For this exercise, write out the full listing that follows exactly and skip its pictures.

Information shown —
+===+
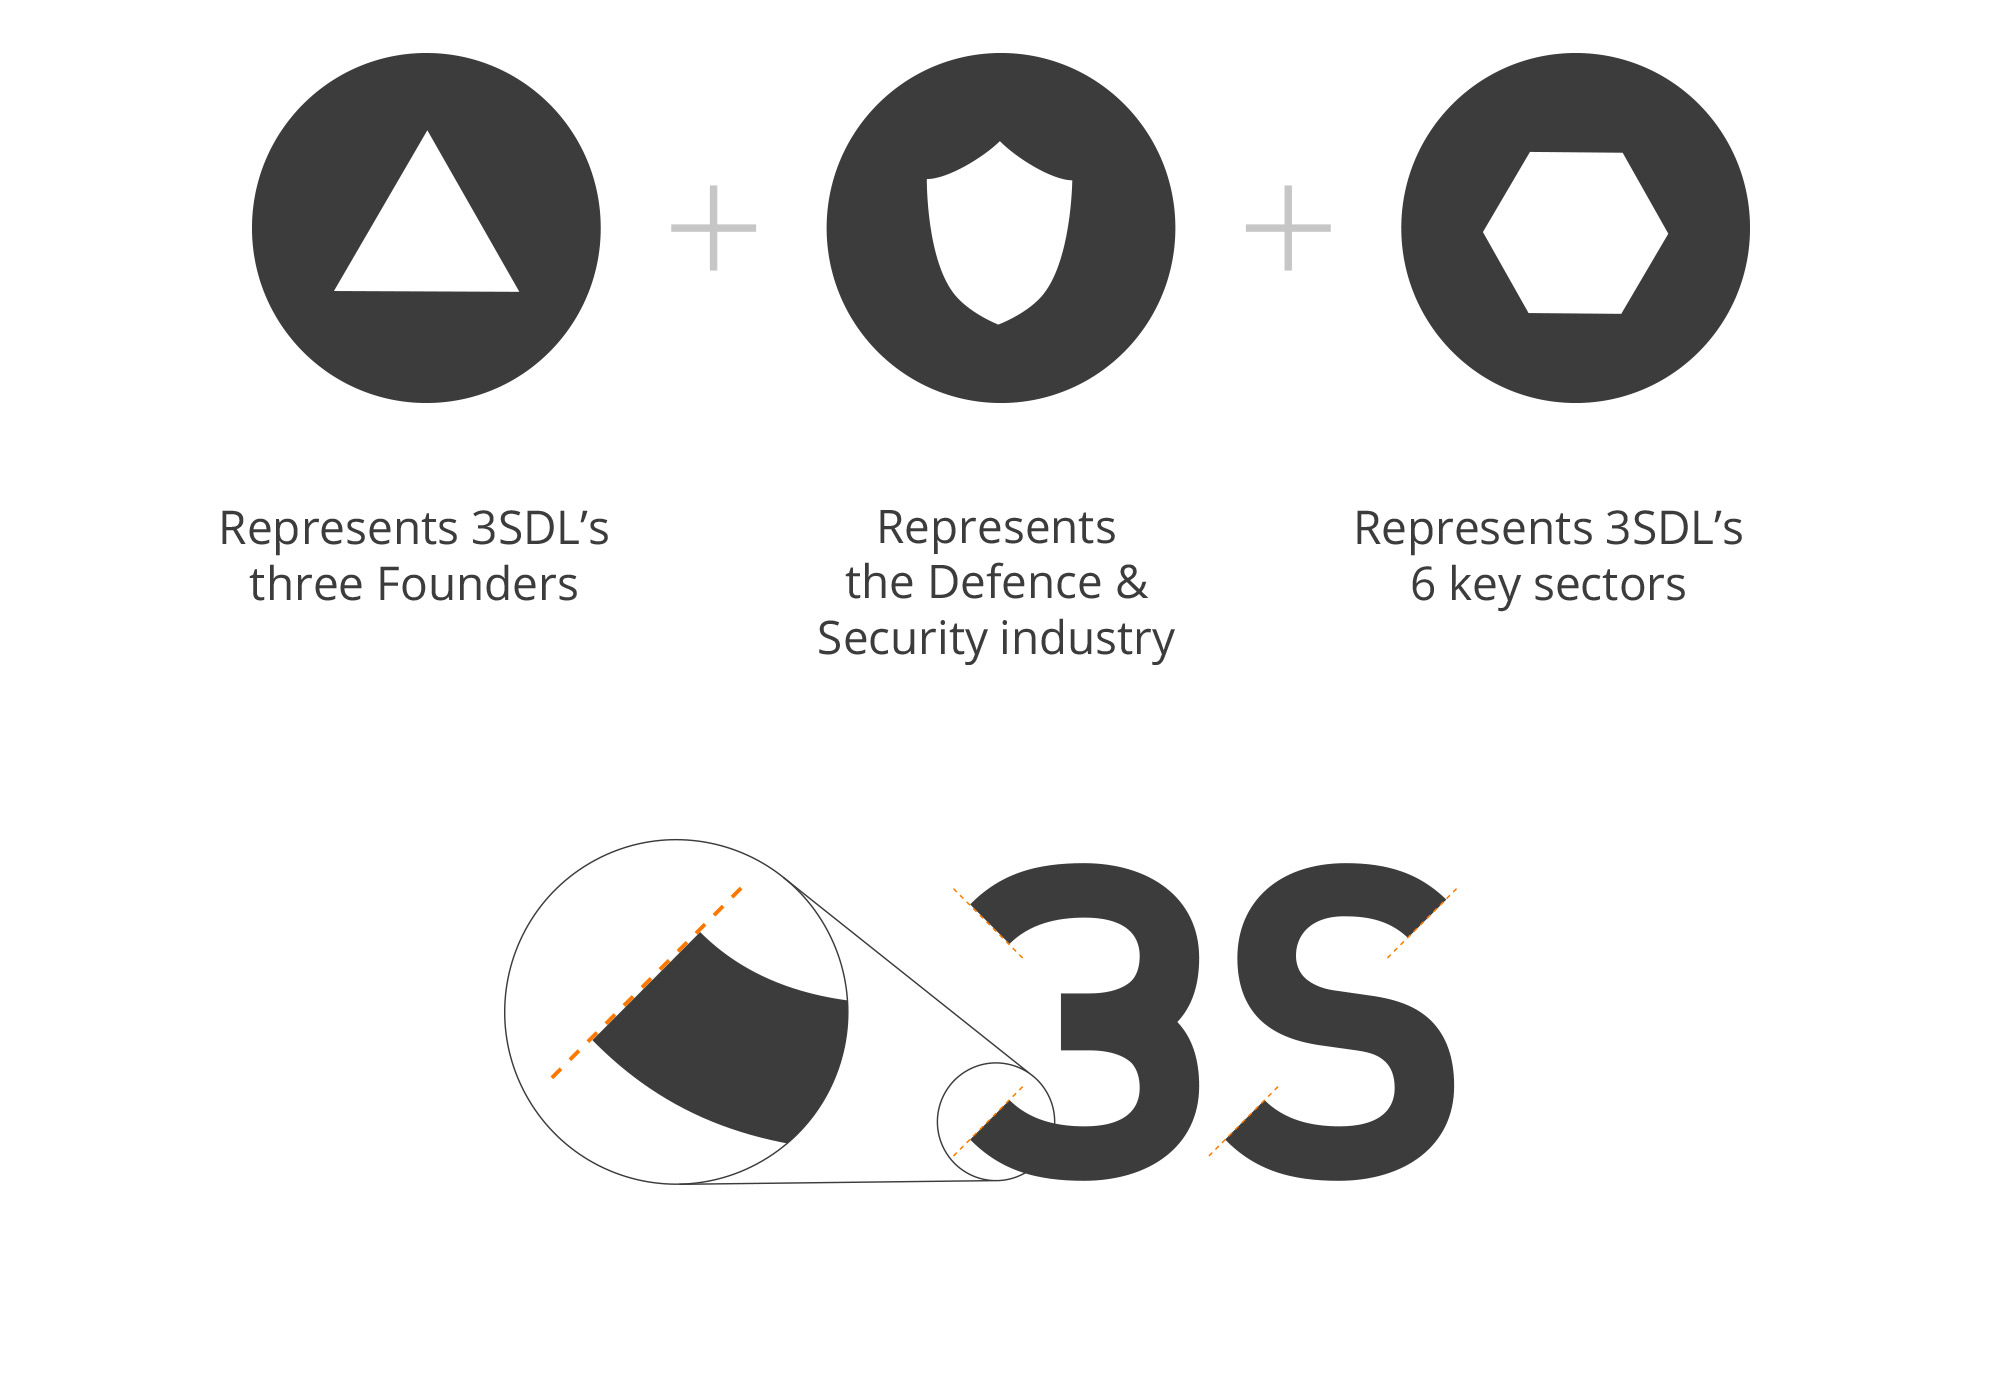 how the 3SDL logo was created
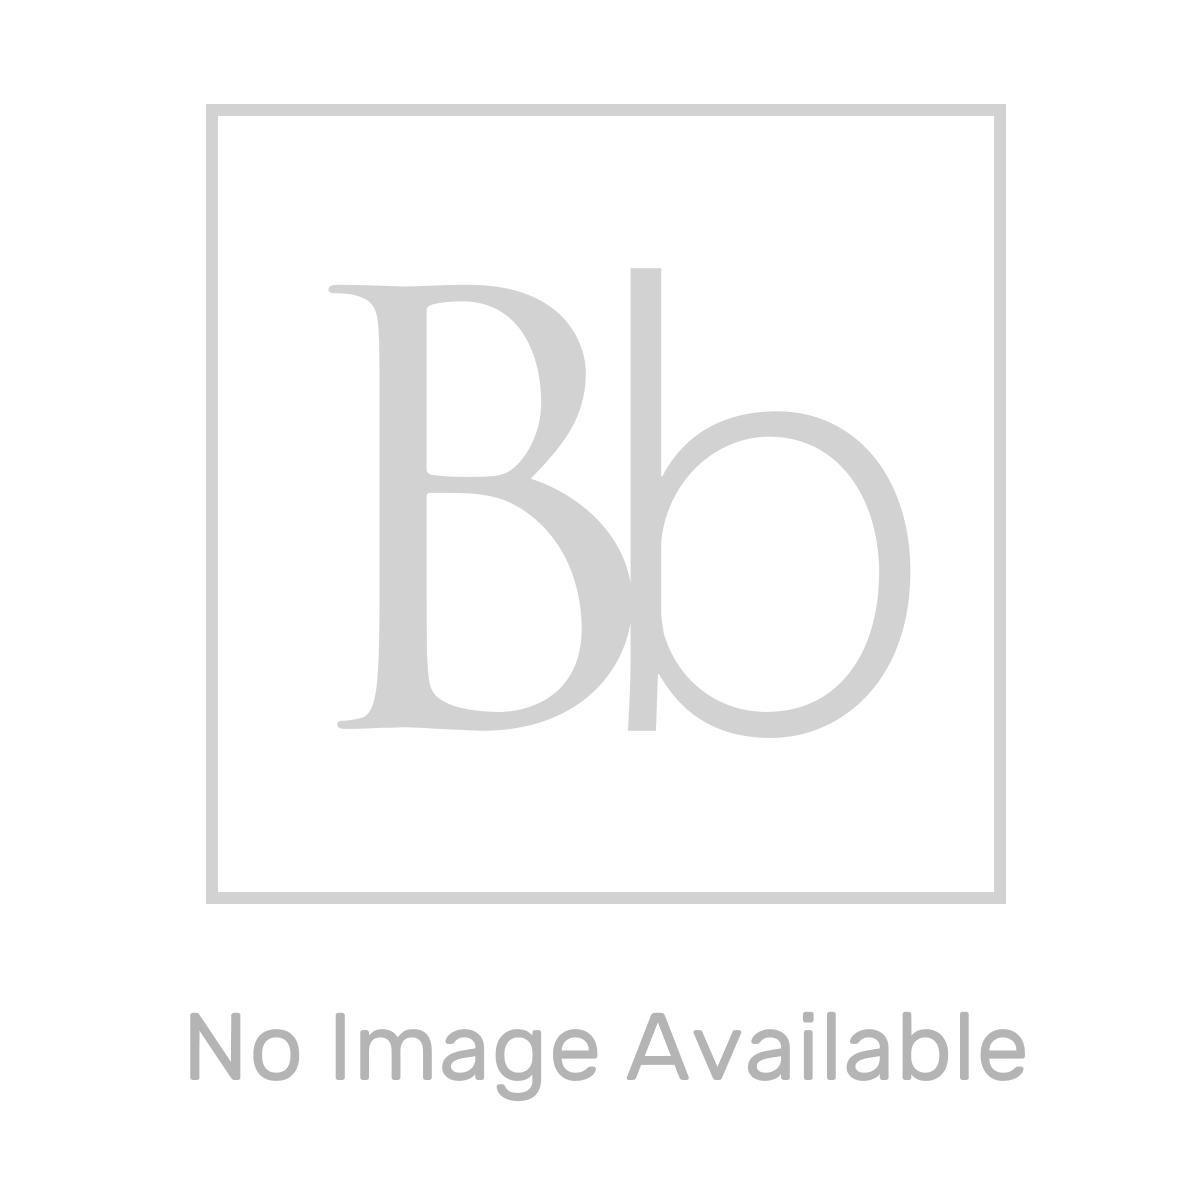 Sensio Avalon Bluetooth Backlit LED mirror 1
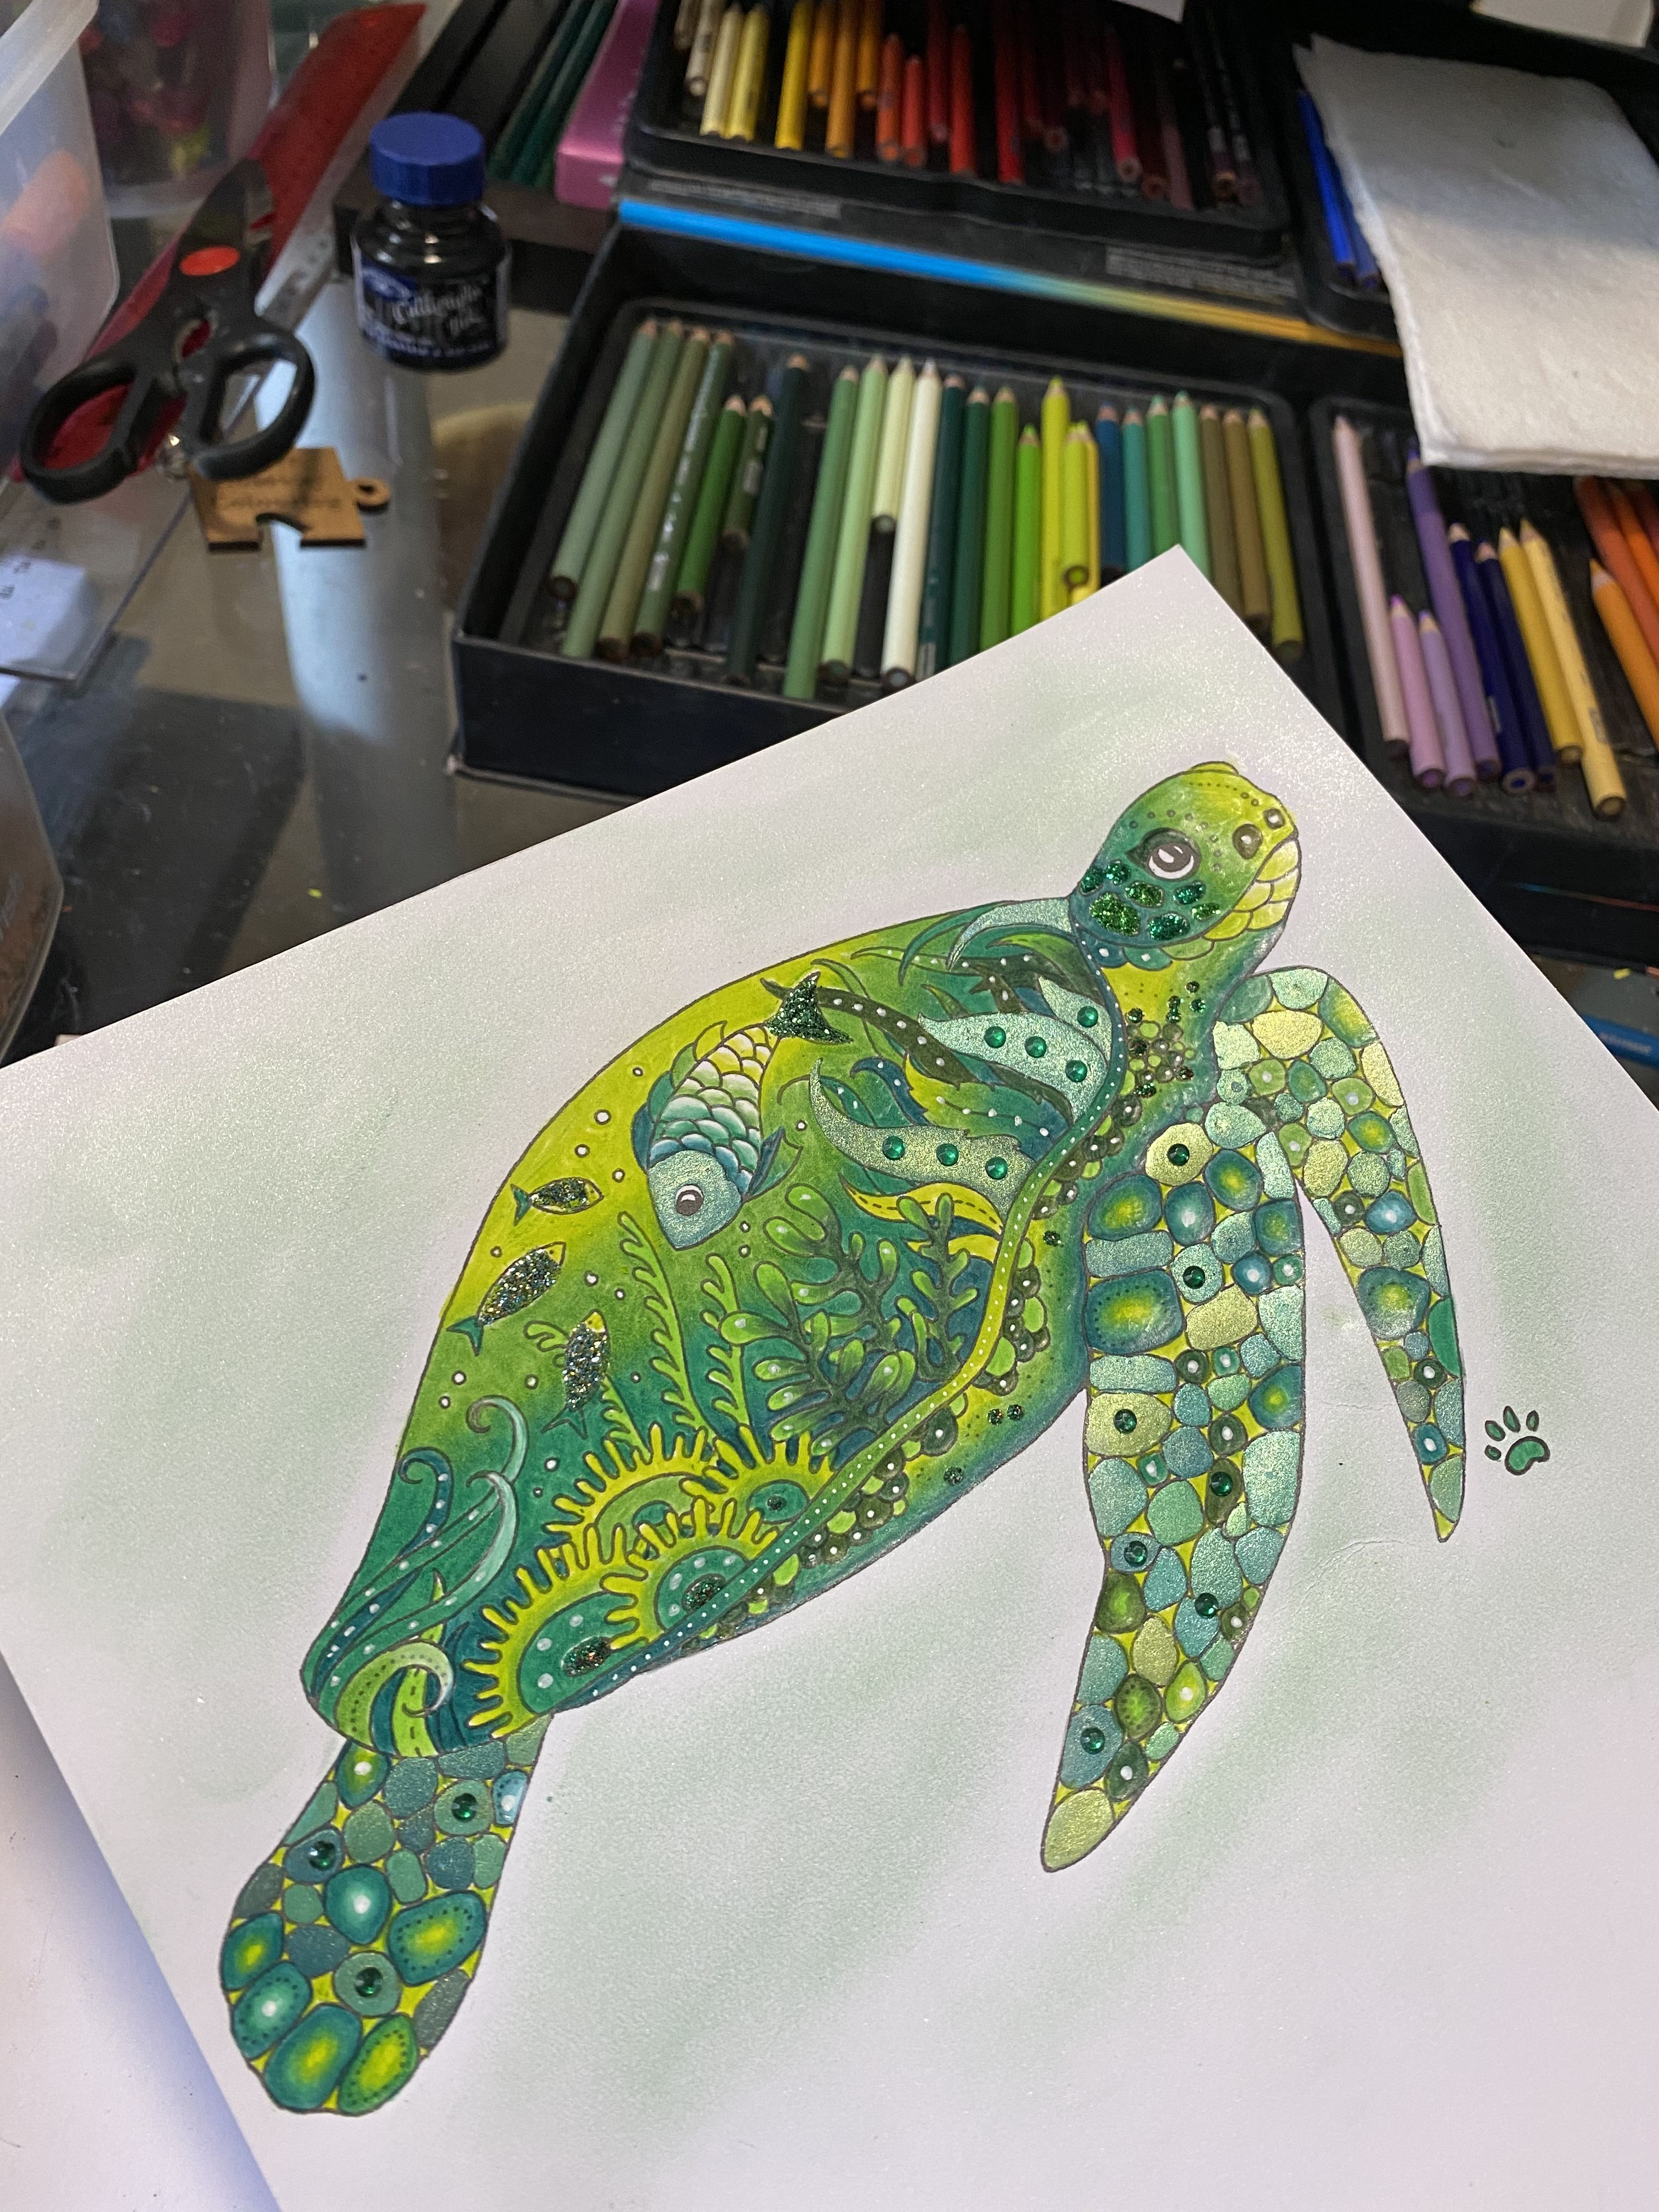 Terry Turtle Johanna Basford Coloring Book Johanna Basford Johanna Basford Enchanted Forrest
+===+
Your solution —
 how the 3SDL logo was created
 Sensio Avalon Bluetooth Backlit LED mirror 1
 Terry Turtle Johanna Basford Coloring Book Johanna Basford Johanna Basford Enchanted Forrest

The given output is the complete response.